Она на минуту закрыла глаза, и сразу на нее пахнуло морем и горячим железом. И всюду крепкие люди, пропахшие морем и гарью, в брезентовых робах, с защитными масками на поясах - докеры…

- Я знаю докеров! - повторила она.

3

Была уже ночь, когда Марина вышла проводить свою гостью. Прощаясь, Людмила спросила:

- Когда ты завтра свободна?

- С утра. А что?

- Просто так. - Людмила подняла воротник шубки, зябко поежилась. - Скорее бы весна, до чертиков надоели холода… Ну, спасибо тебе, Маринка, за гостеприимство, мне с тобой было очень хорошо.

- Мне тоже было хорошо, - искренне проговорила Марина. - И стало как-то легче на душе.

На следующий день, встав утром, Анна зашла к Марине и, причесываясь перед ее зеркалом, как бы между прочим спросила:

- О чем вы это с ней за полночь? Мировые проблемы решали?

Марина засмеялась.

- Зачем же так высоко? Просто о жизни, о работе…

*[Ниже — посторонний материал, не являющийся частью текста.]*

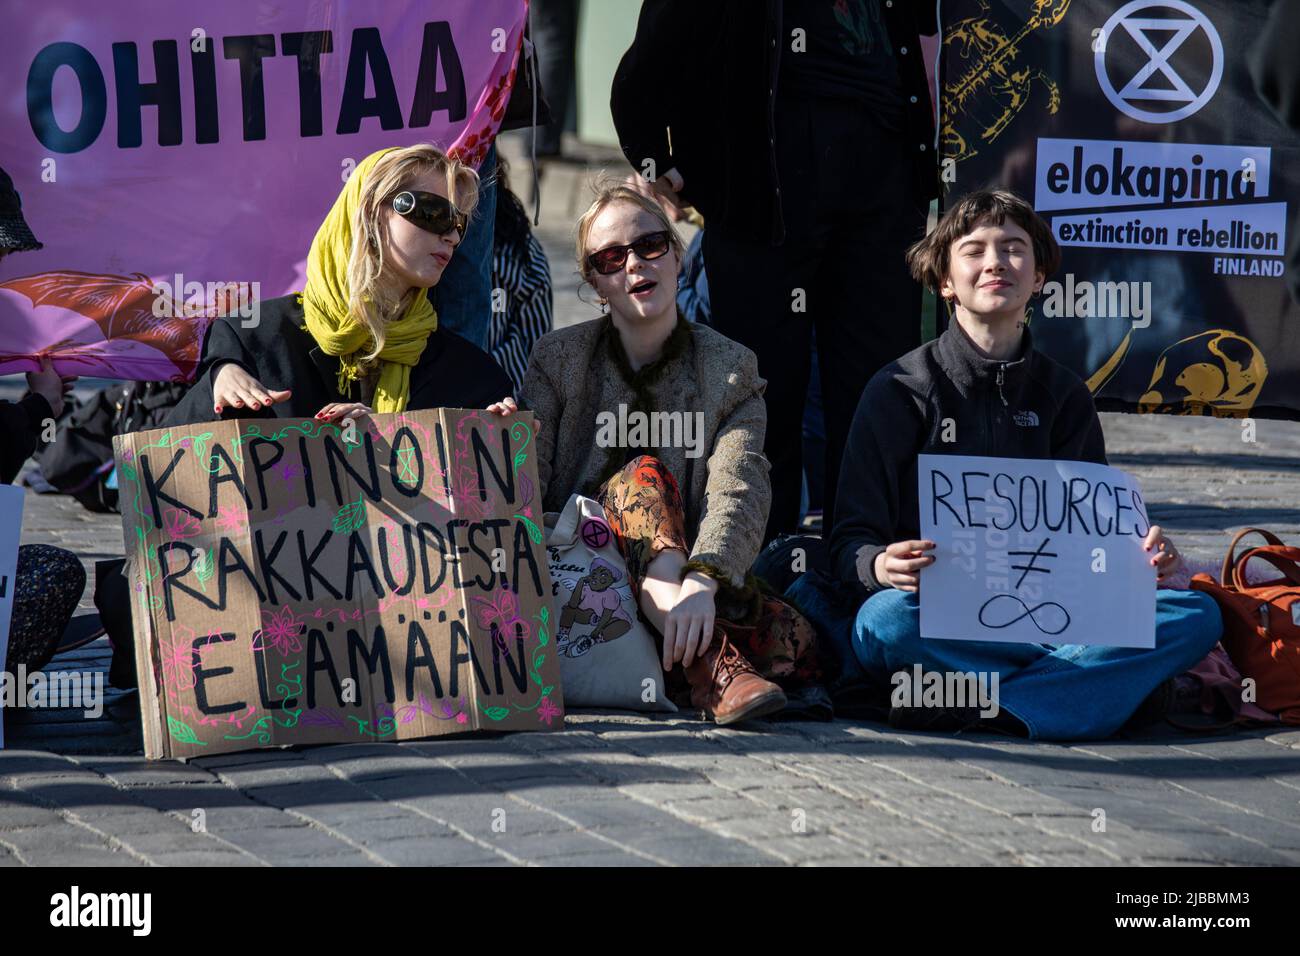 Kapinoin rakkaudesta elämään. Young women with hand-written signs at Elokapina overconsumption protest blocking Mannerheimintie in Helsinki, Finland. Stock Photo

- О работе? Мораль небось читала?.. Чего это ты, дескать, к ресторану прилипла, то да се…

- Никакой морали она мне не читала, - недовольно бросила Марина. - А если и сказала, что на моем месте из ресторана давно бы ушла, так это многие говорят. У меня ведь другая специальность есть. Тебе самой-то не надоело там? Я ведь вижу, как ты угодничаешь.

- Угодничаю? - Анна резко повернулась. - С каких это пор даже честный работник, если он работает в ресторане, непременно угодничает? Это что - твоя "королева" указ такой выпустила?

- При чем тут она? И ты не говори обо всех. - Марина сдернула с себя одеяло, обхватила колени руками. - Пашецкого никто в угодничании не обвинит. Он мастер своего дела. И, если хочешь, в этой работе призвание свое нашел, вот как и Лиза Бершанская. А я? А ты? Разве нам эта работа по душе? Зачем ты три года училась в техникуме связи? Чтобы уметь быстро взбить коктейль?

- Да-а, - протянула Анна, пуская вверх тоненькую струйку дыма. - "Королева" твоя, оказывается, не лыком шита. Быстро она тебя перевоспитала…

В прихожей послышался длинный звонок. Потом, через короткую паузу - снова.

"Илья!" - встревоженно подумала Марина, направляясь к двери.

Но на пороге стояла Людмила.

- Здравствуй, - сказала она. - Я опять к тебе, Марина. Разрешаешь?

Людмила сняла с головы теплую шаль, по-детски замотала головой:

- Ух, и морозище же на улице! Посмотри, нос не отморозила? Не побелел?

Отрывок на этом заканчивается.